• _Exercise requirements_:
From the material below, return exactly the lines starting at the one that holds "Bay horse portrait isolated on white" and ending at the one that holds "Antique Caster with". Pictures stay out of the answer.

• _Extracted material_:
##########

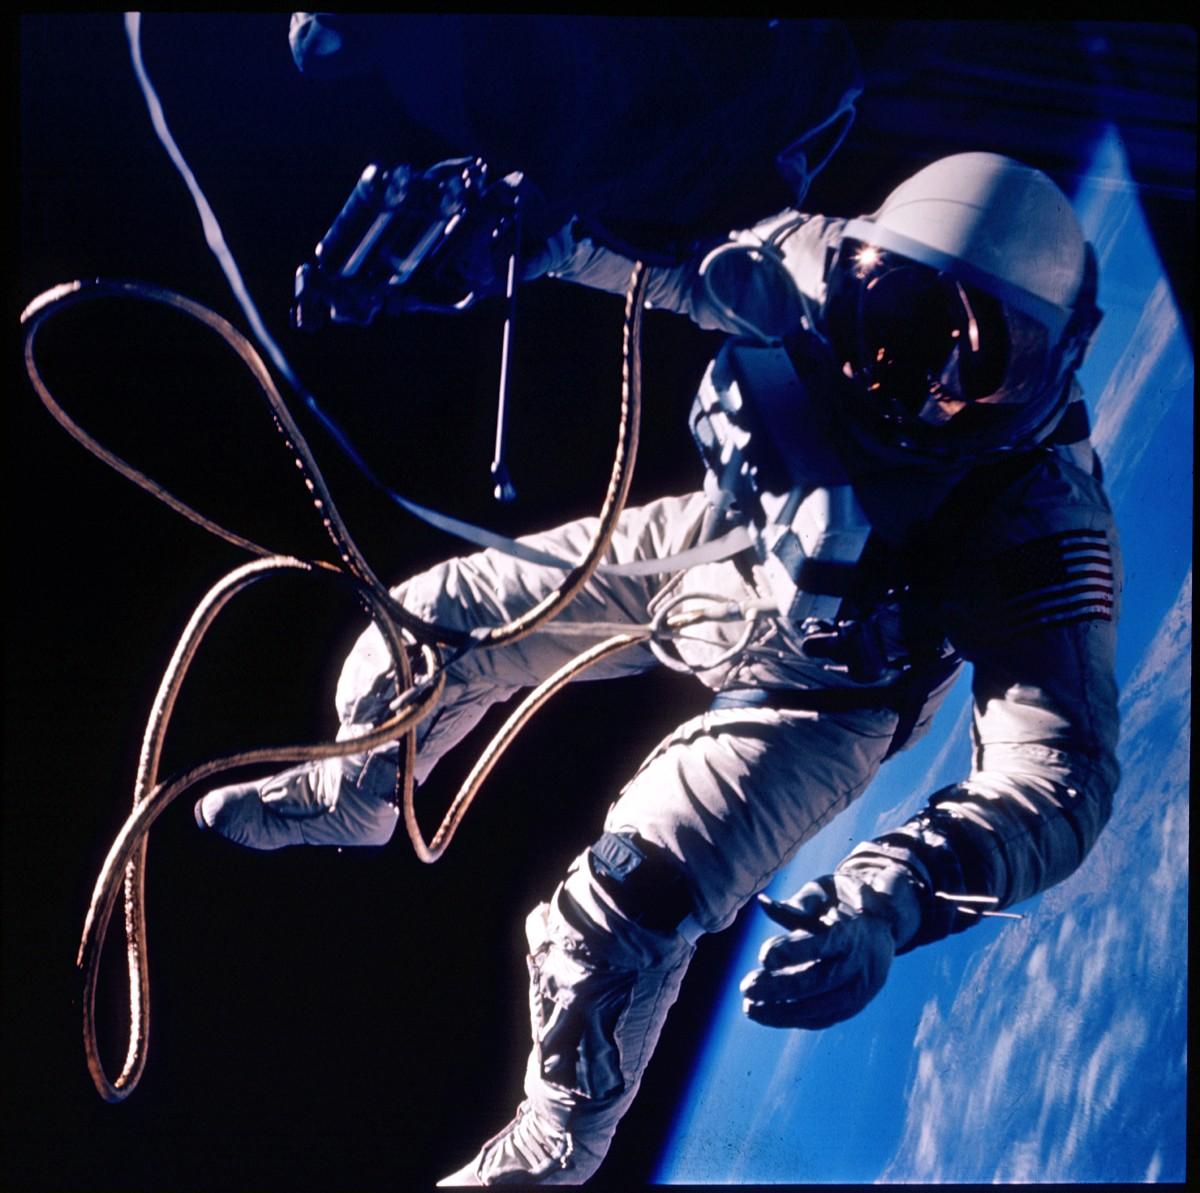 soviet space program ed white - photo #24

##########

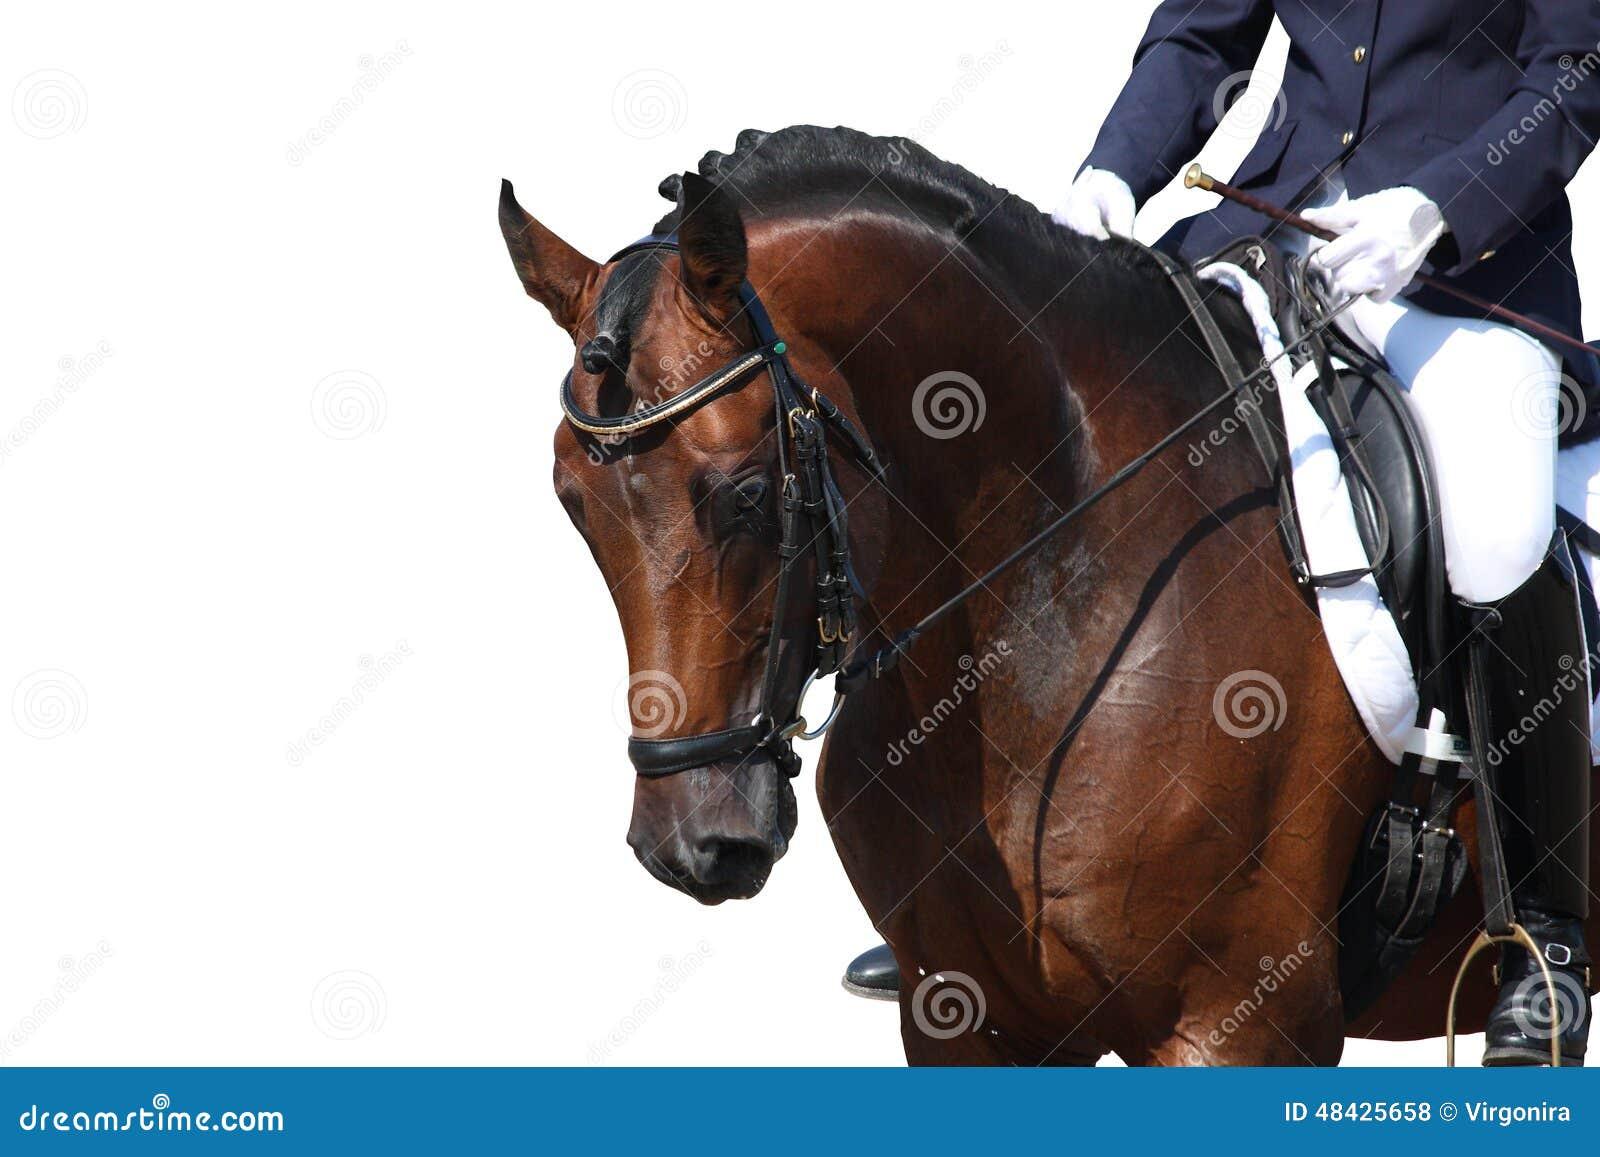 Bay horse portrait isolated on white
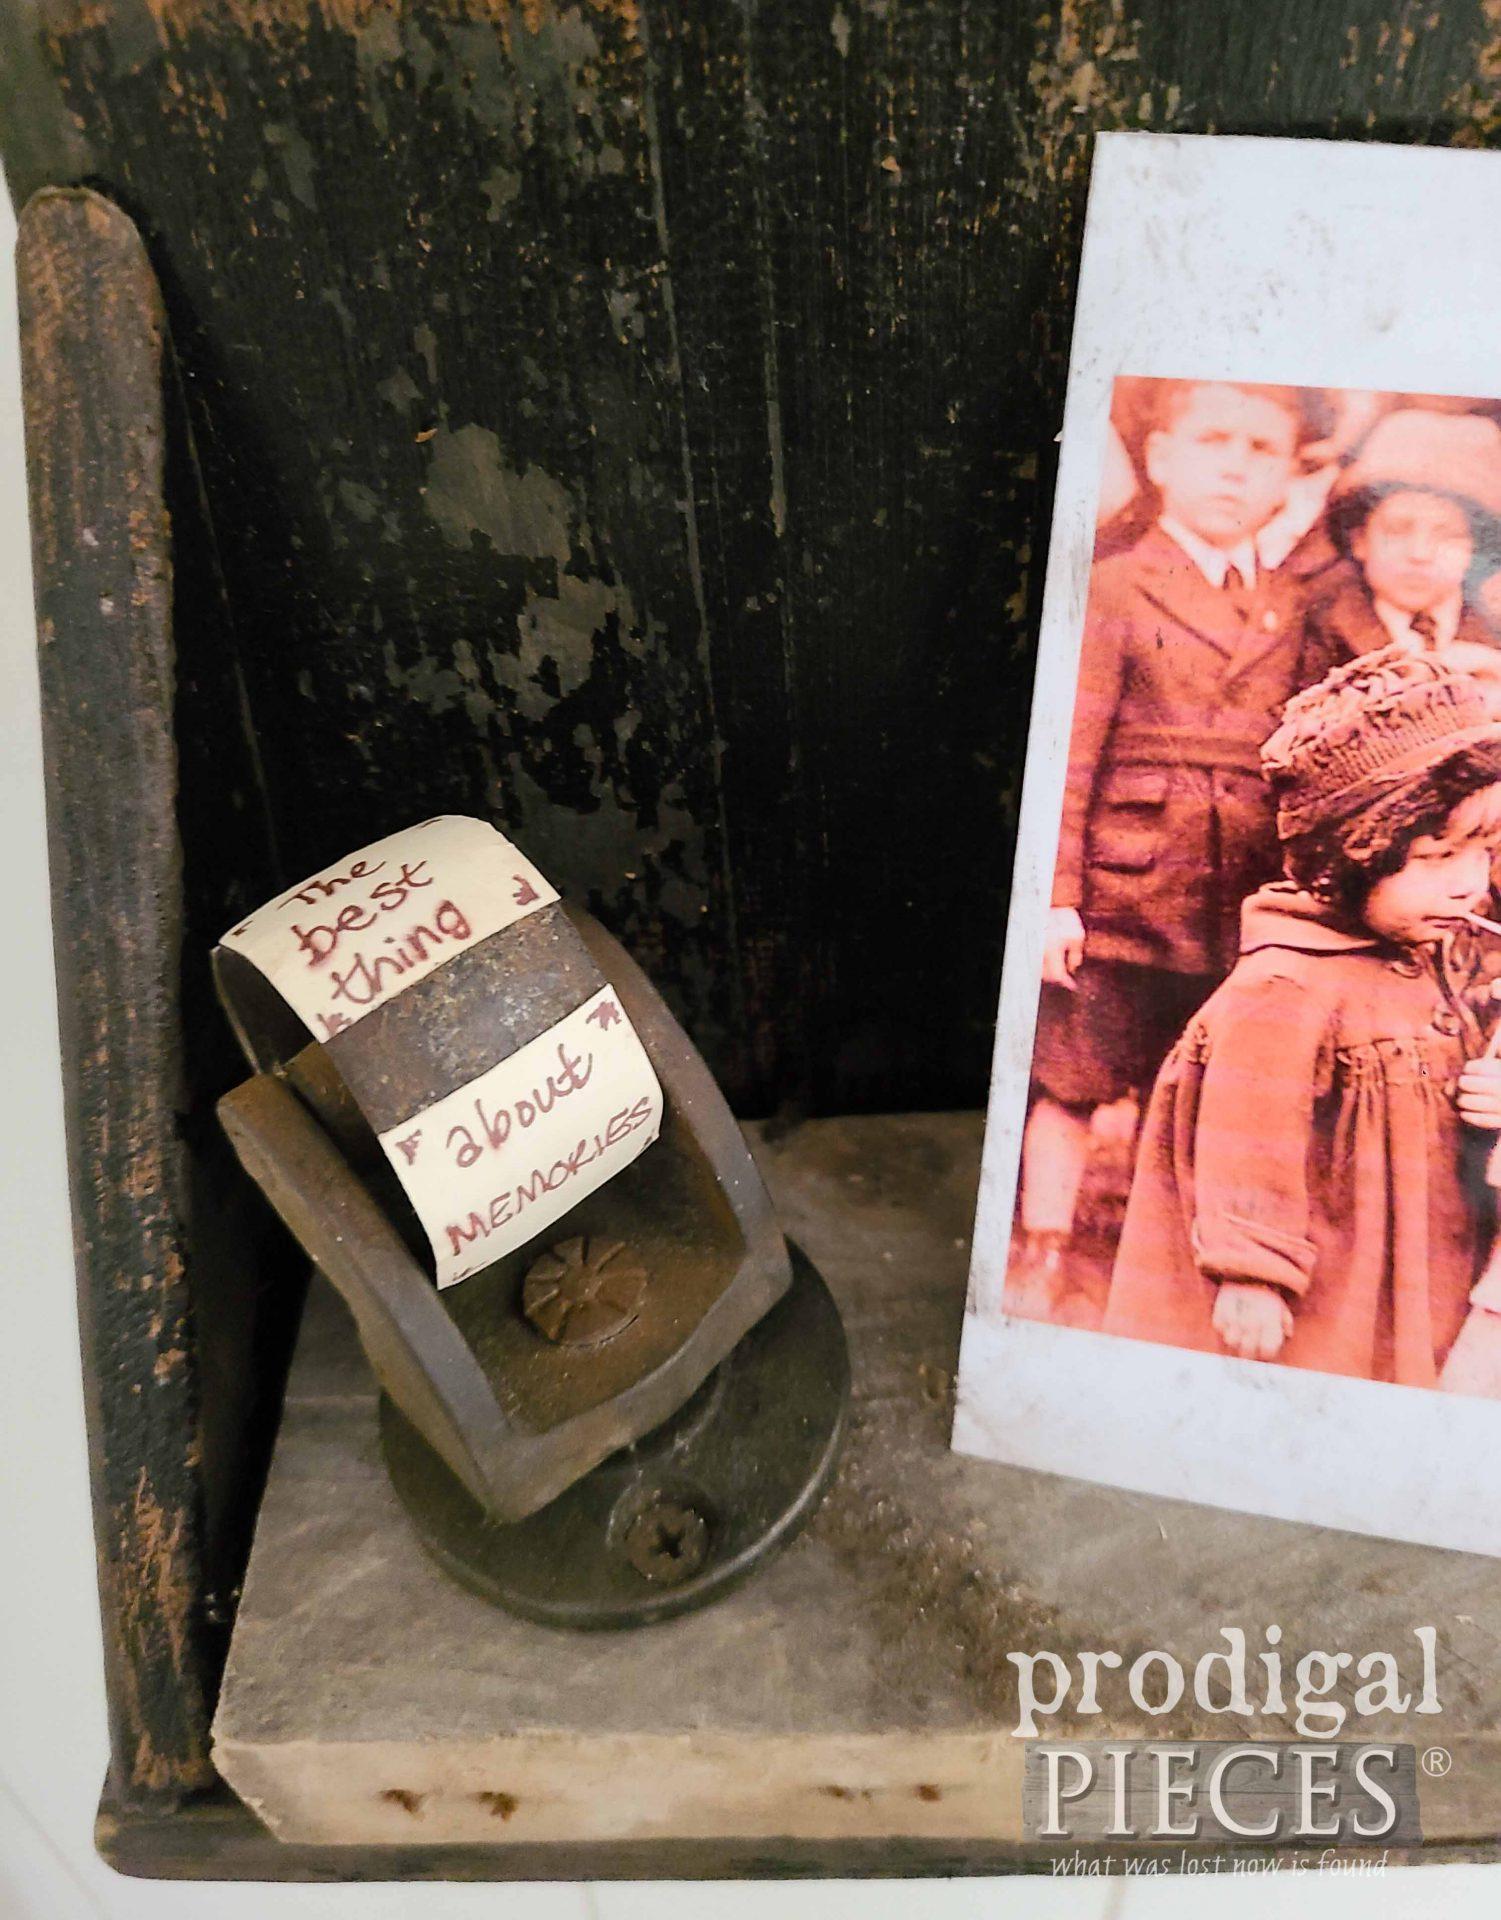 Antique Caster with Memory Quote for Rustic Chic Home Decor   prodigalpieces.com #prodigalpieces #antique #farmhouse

##########

• _Final answer_:
 Bay horse portrait isolated on white
 Antique Caster with Memory Quote for Rustic Chic Home Decor   prodigalpieces.com #prodigalpieces #antique #farmhouse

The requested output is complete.